The top of the call stack delves into the native windows libraries that WCF wraps:
System.AccessViolationException Stack:
at System.Net.UnsafeNclNativeMethods+OSSOCK.recv(IntPtr, Byte*, Int32, System.Net.Sockets.SocketFlags)
at System.Net.Sockets.Socket.Receive(Byte[], Int32, Int32, System.Net.Sockets.SocketFlags, System.Net.Sockets.SocketError ByRef)
at System.Net.Sockets.Socket.Receive(Byte[], Int32, Int32, System.Net.Sockets.SocketFlags)
at System.Net.Sockets.NetworkStream.Read(Byte[], Int32, Int32)
at System.Net.PooledStream.Read(Byte[], Int32, Int32)

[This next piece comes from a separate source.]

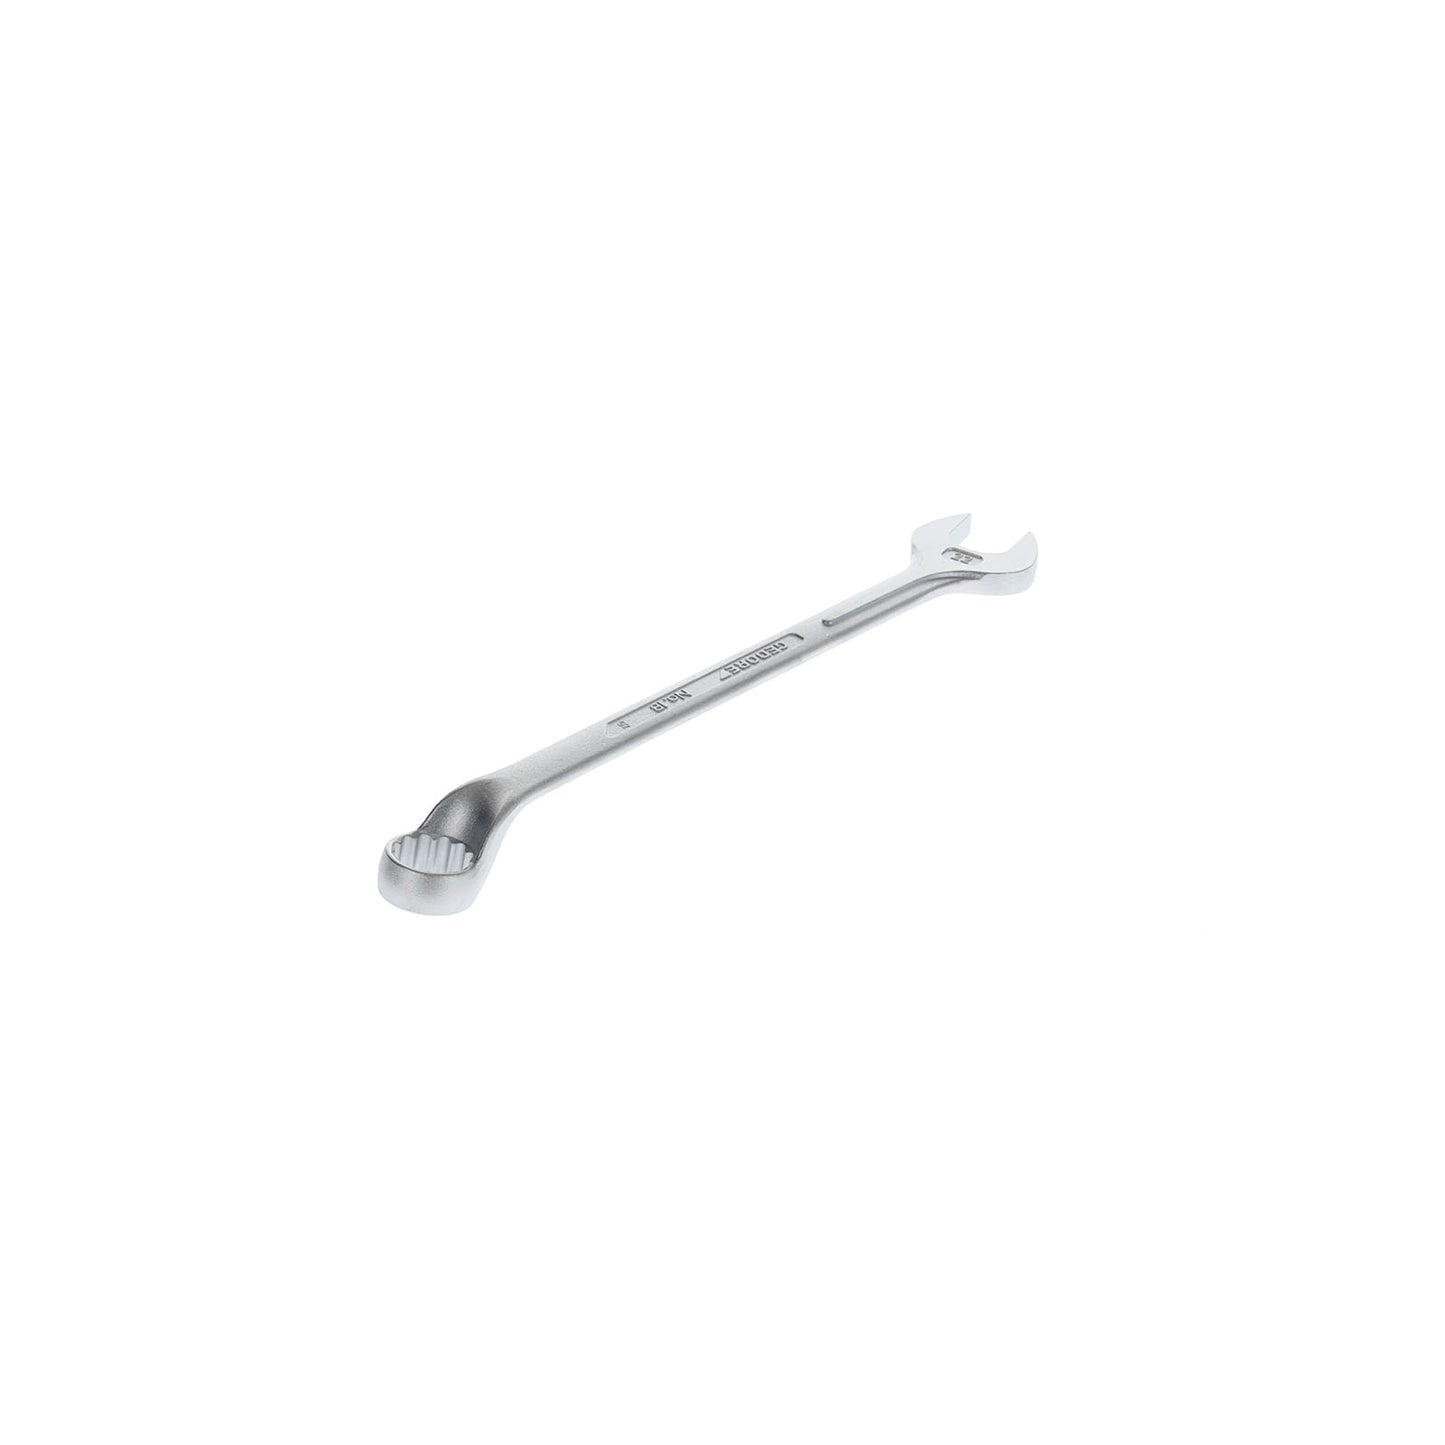 GEDORE 1 B 22 - Offset Combination Wrench, 22mm (6002100)
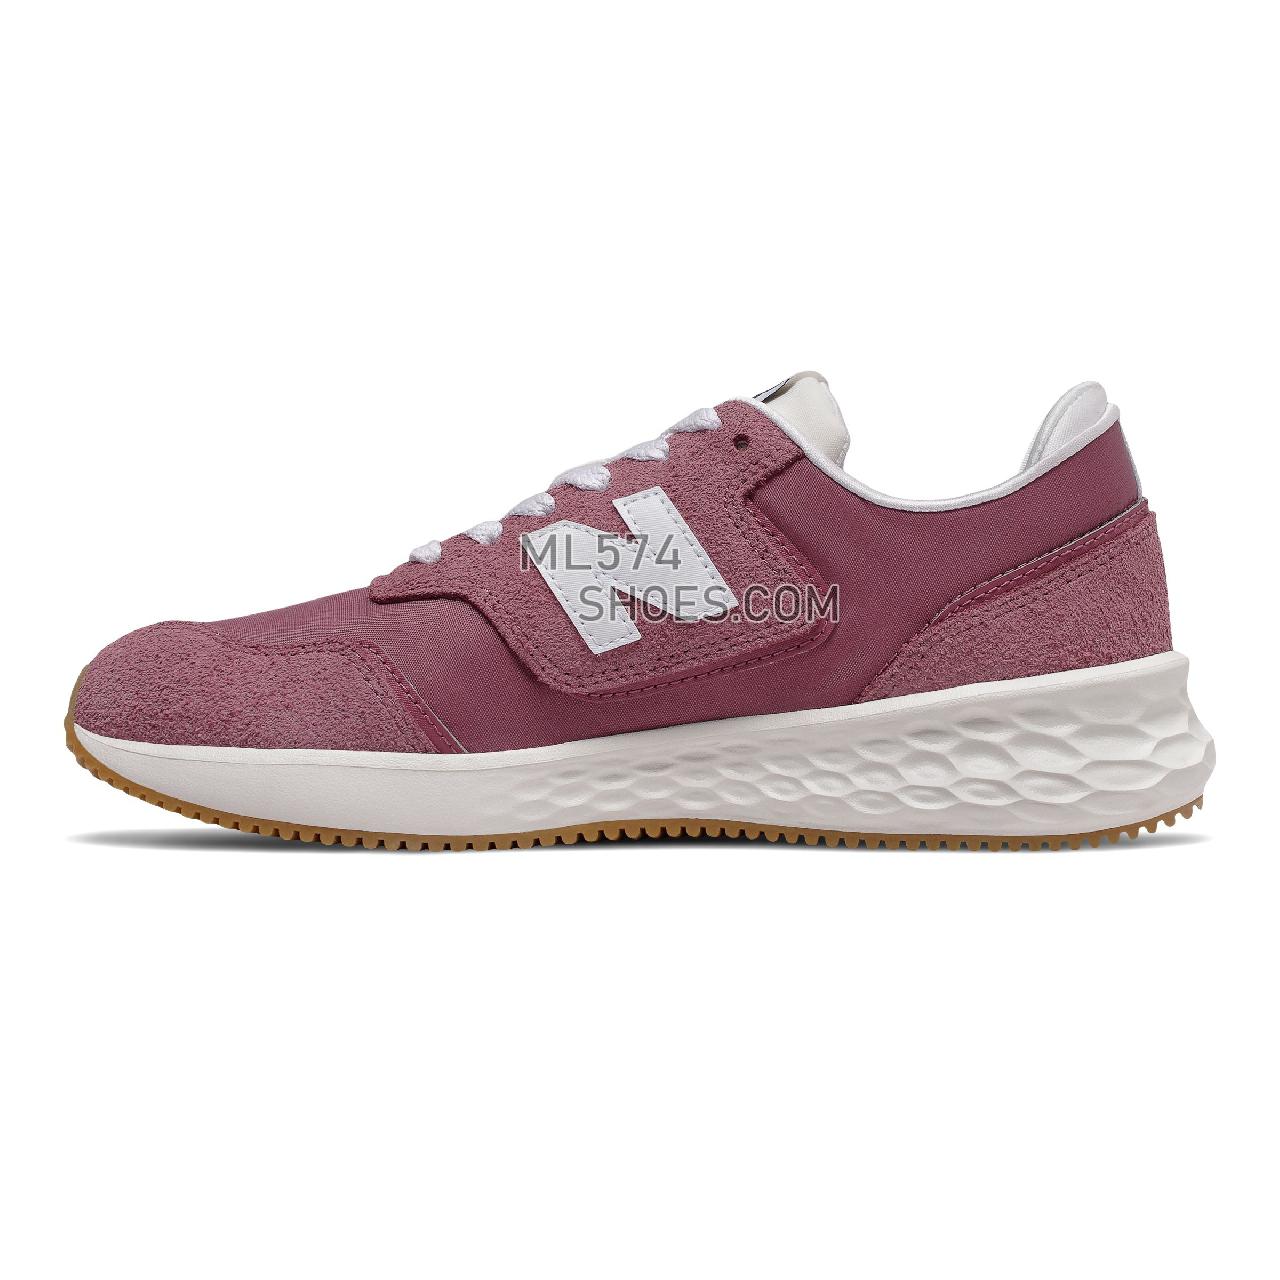 New Balance Fresh Foam X70 - Women's Sport Style Sneakers - Navajo Rose with Munsell White - WSX70YR

at System.Net.Connection.SyncRead(System.Net.HttpWebRequest, Boolean, Boolean)
at System.Net.Connection.PollAndRead(System.Net.HttpWebRequest, Boolean)
at System.Net.ConnectStream.WriteHeaders(Boolean)
at System.Net.HttpWebRequest.EndSubmitRequest()
at System.Net.HttpWebRequest.SetRequestSubmitDone(System.Net.ConnectStream)
at System.Net.Connection.CompleteStartRequest(Boolean, System.Net.HttpWebRequest, System.Net.TriState)
at System.Net.Connection.SubmitRequest(System.Net.HttpWebRequest, Boolean)
at System.Net.ServicePoint.SubmitRequest(System.Net.HttpWebRequest, System.String)
at System.Net.HttpWebRequest.SubmitRequest(System.Net.ServicePoint)
at System.Net.HttpWebRequest.GetRequestStream(System.Net.TransportContext ByRef)
at System.Net.HttpWebRequest.GetRequestStream()
at System.ServiceModel.Channels.HttpOutput+WebRequestHttpOutput.GetOutputStream()
at System.ServiceModel.Channels.HttpOutput.Send(System.TimeSpan)
at System.ServiceModel.Channels.HttpChannelFactory`1+HttpRequestChannel+HttpChannelRequest[[System.__Canon, mscorlib, Version=4.0.0.0, Culture=neutral, PublicKeyToken=b77a5c561934e089]].SendRequest(System.ServiceModel.Channels.Message, System.TimeSpan)
at System.ServiceModel.Channels.RequestChannel.Request(System.ServiceModel.Channels.Message, System.TimeSpan)
at System.ServiceModel.Dispatcher.RequestChannelBinder.Request(System.ServiceModel.Channels.Message, System.TimeSpan)
at System.ServiceModel.Channels.ServiceChannel.Call(System.String, Boolean, System.ServiceModel.Dispatcher.ProxyOperationRuntime, System.Object[], System.Object[], System.TimeSpan)
at System.ServiceModel.Channels.ServiceChannelProxy.InvokeService(System.Runtime.Remoting.Messaging.IMethodCallMessage, System.ServiceModel.Dispatcher.ProxyOperationRuntime)
at System.ServiceModel.Channels.ServiceChannelProxy.Invoke(System.Runtime.Remoting.Messaging.IMessage)
at System.Runtime.Remoting.Proxies.RealProxy.PrivateInvoke(System.Runtime.Remoting.Proxies.MessageData ByRef, Int32)
at WCFCommunicator.IComEndpoint.TestEndpoint()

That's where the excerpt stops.